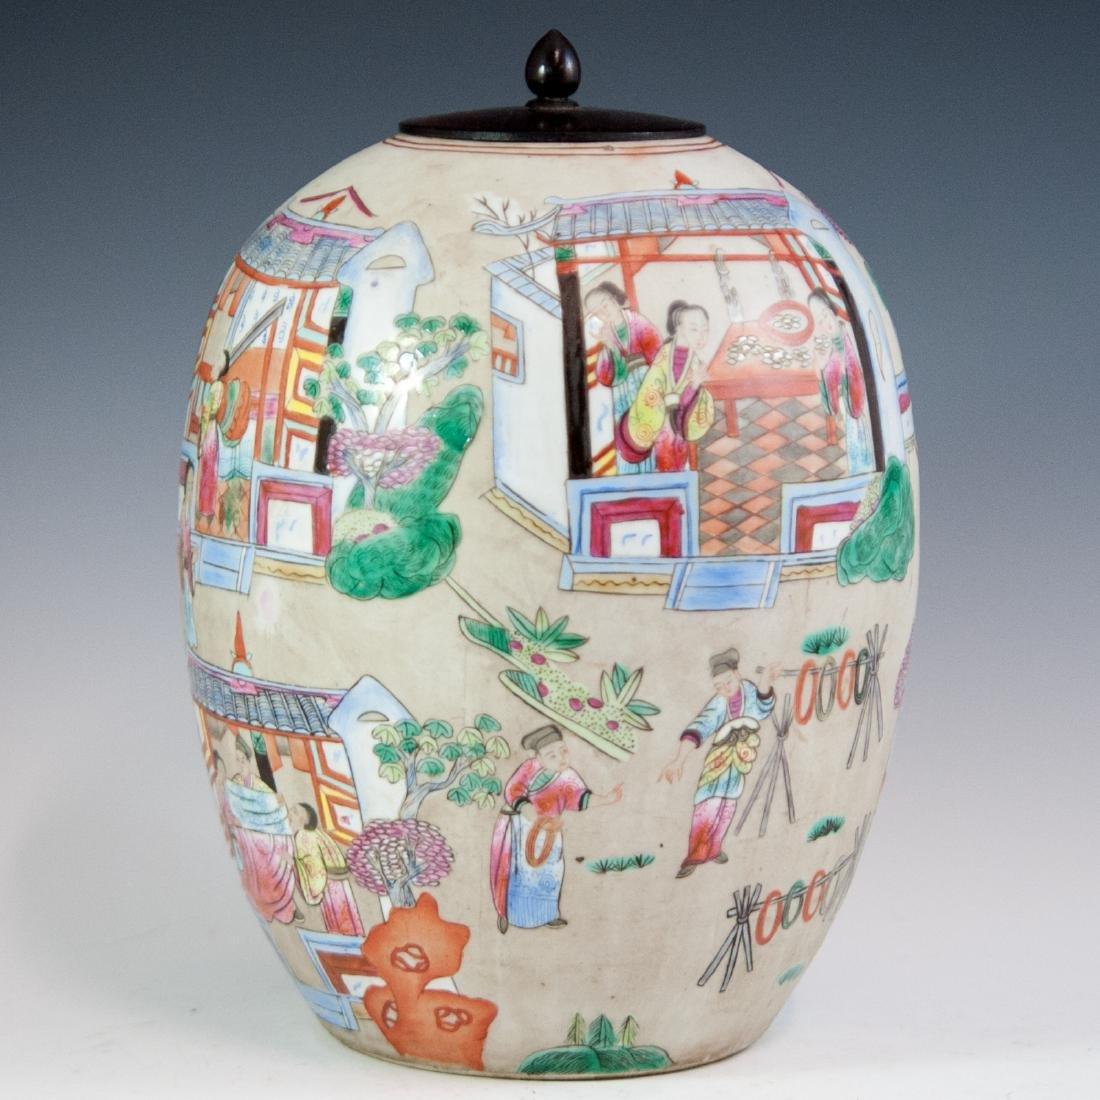 Antique Chinese Porcelain Famille Rose Jar - 2
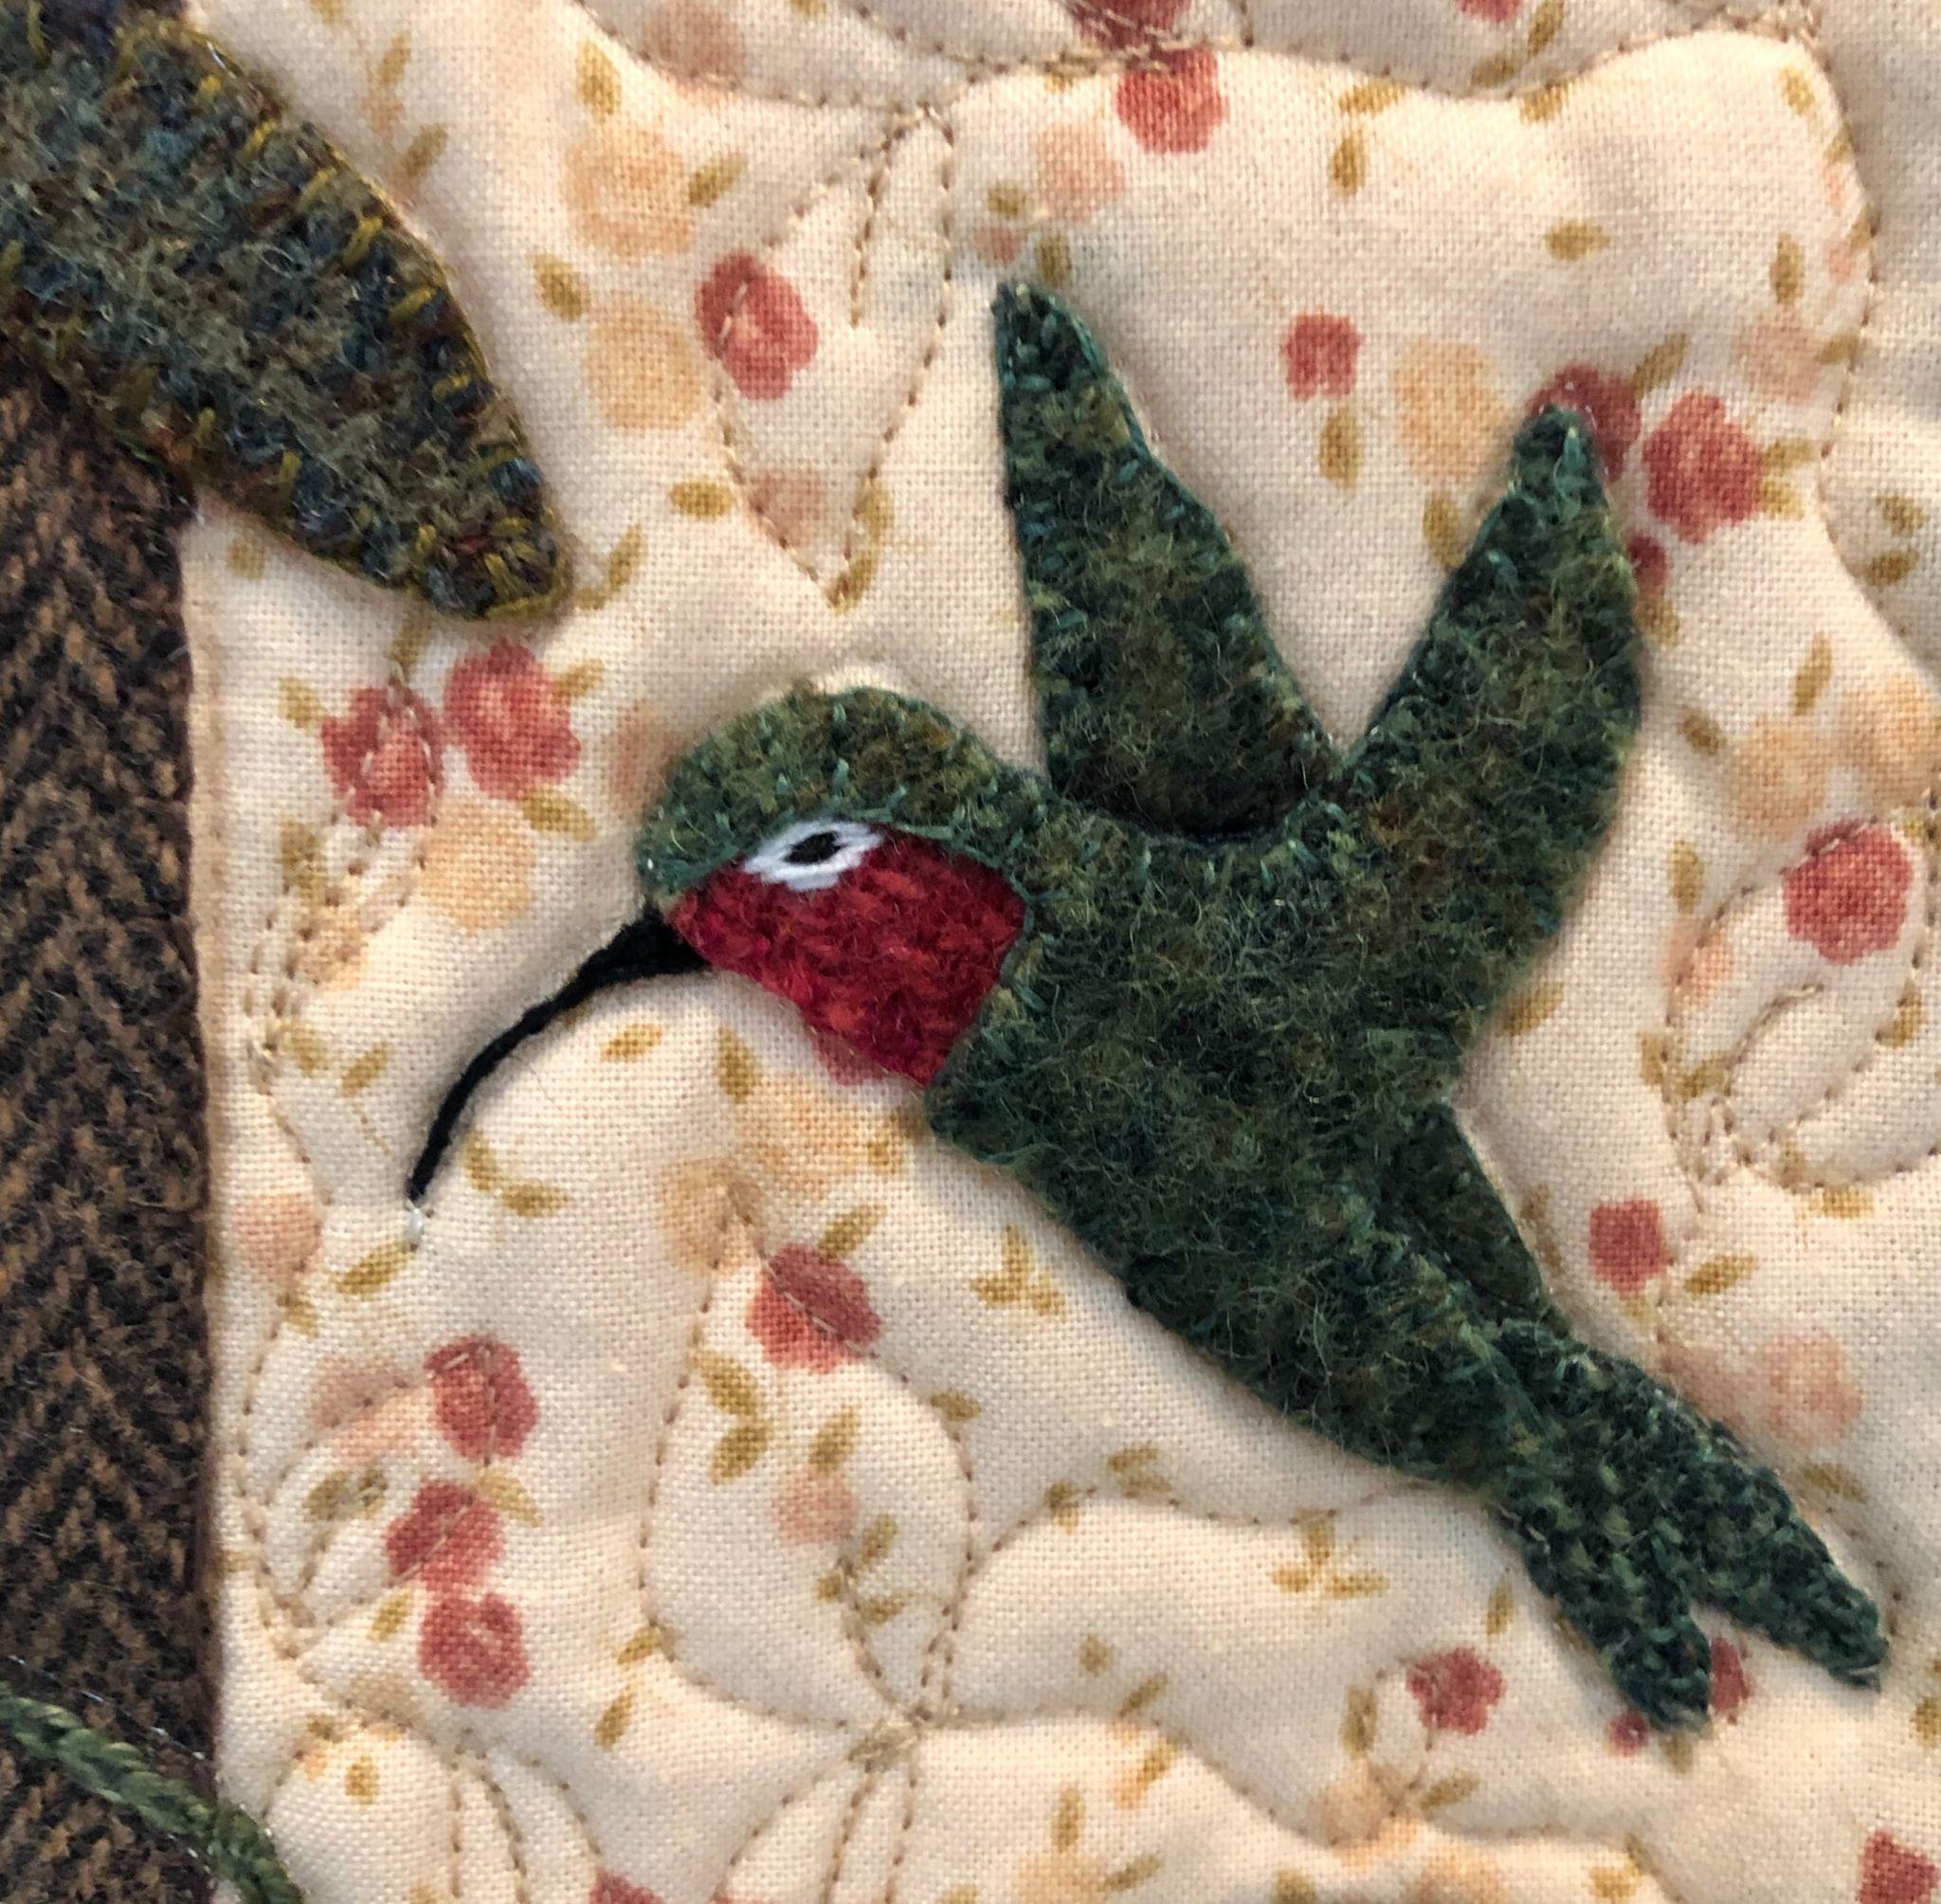 Primitive Garden Quilt Patterns For All The Little Extras Rhonda Dort Garden Quilt Quilts Primitive
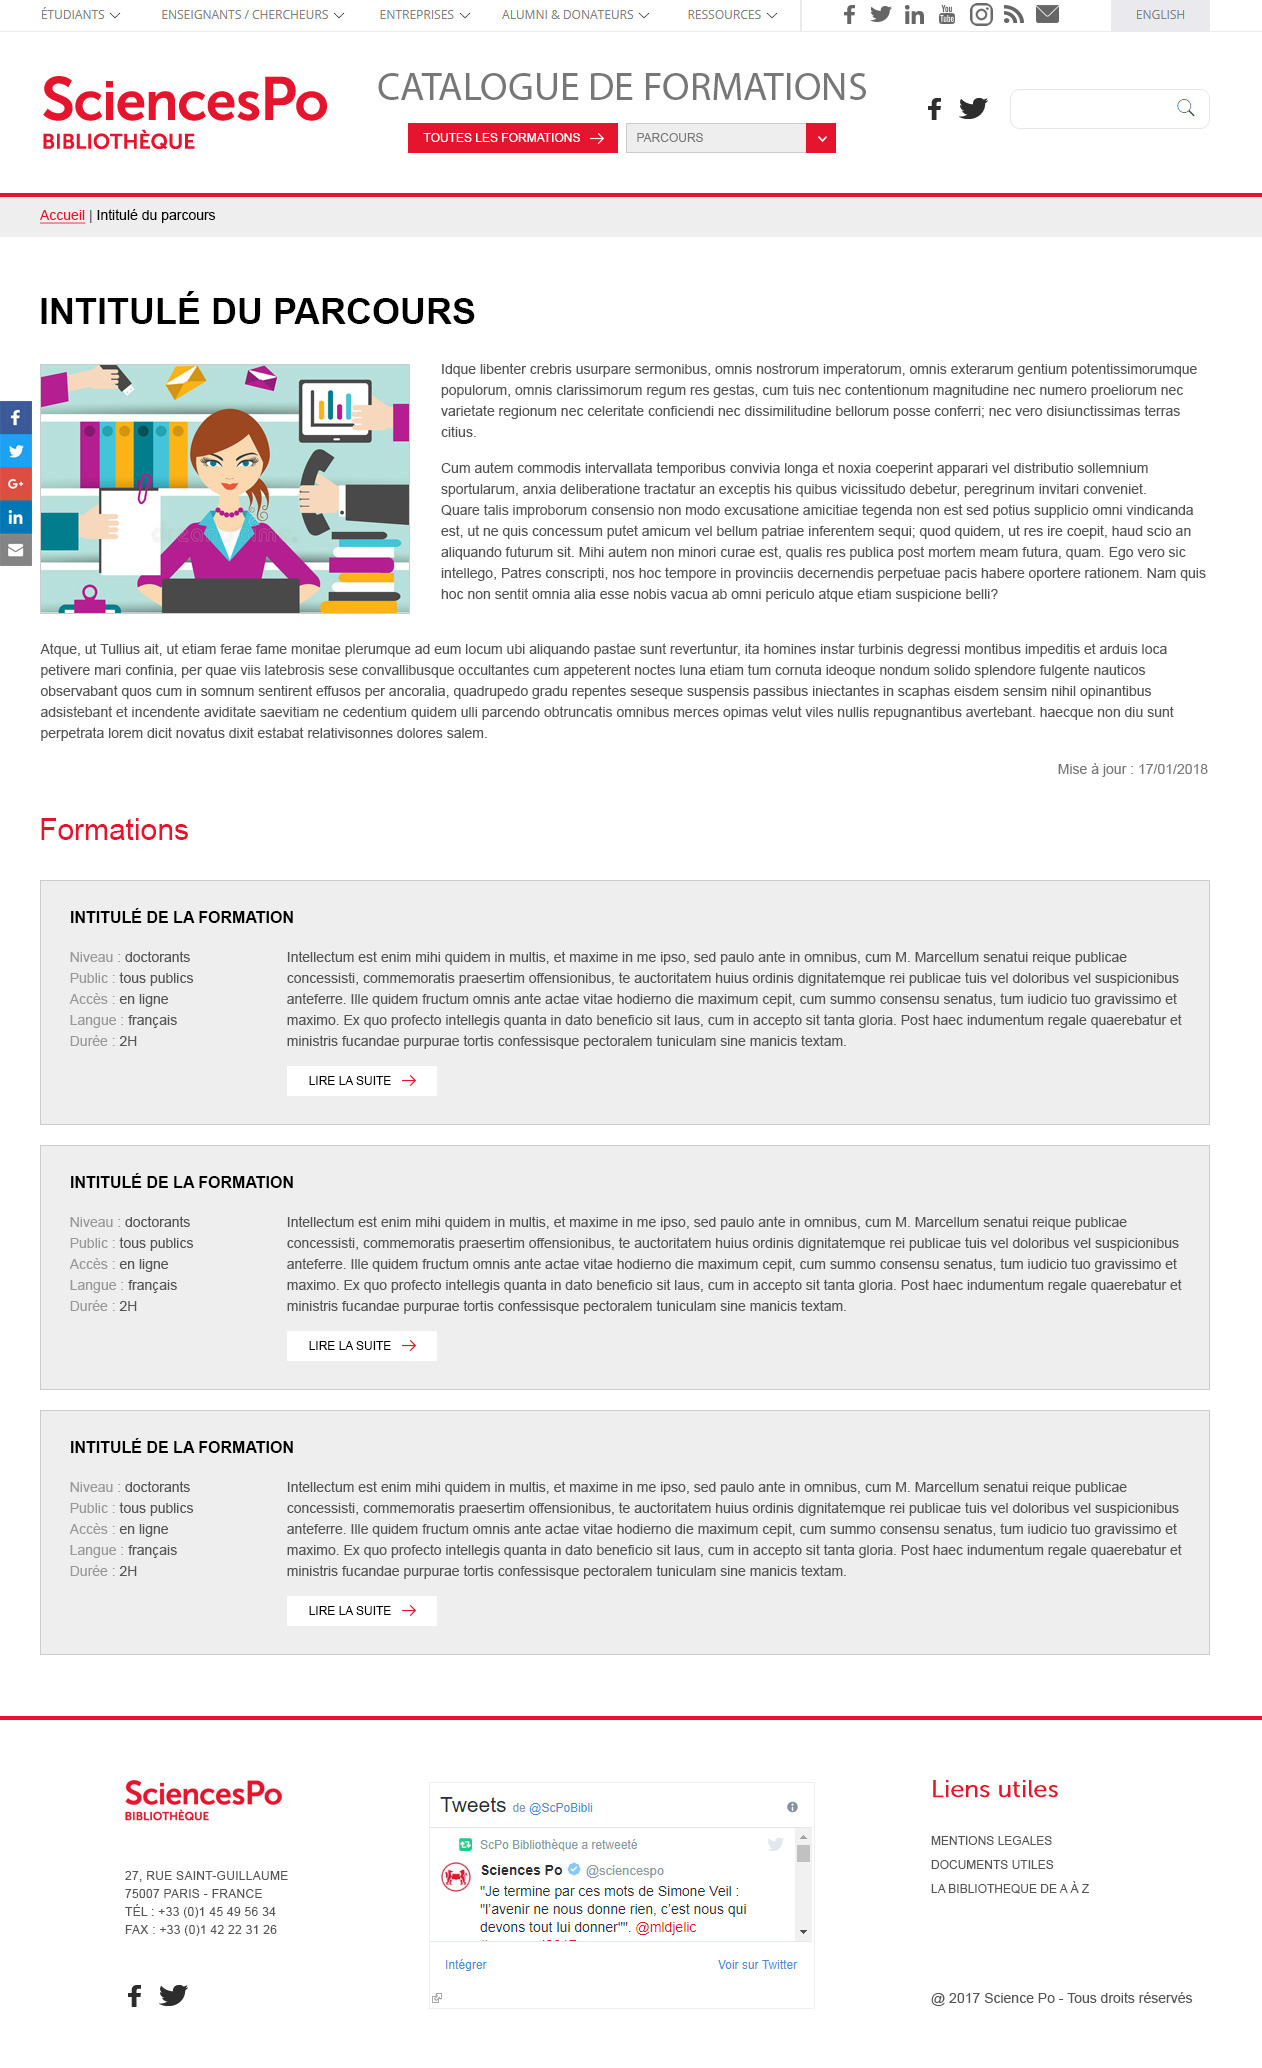 sciencespo-bibliotheque-2

|---|

_Directions for this task_
Leaving every picture aside, repeat the listing exactly.

_Response_
 Antique Chinese Porcelain Famille Rose Jar - 2
 Primitive Garden Quilt Patterns For All The Little Extras Rhonda Dort Garden Quilt Quilts Primitive
 sciencespo-bibliotheque-2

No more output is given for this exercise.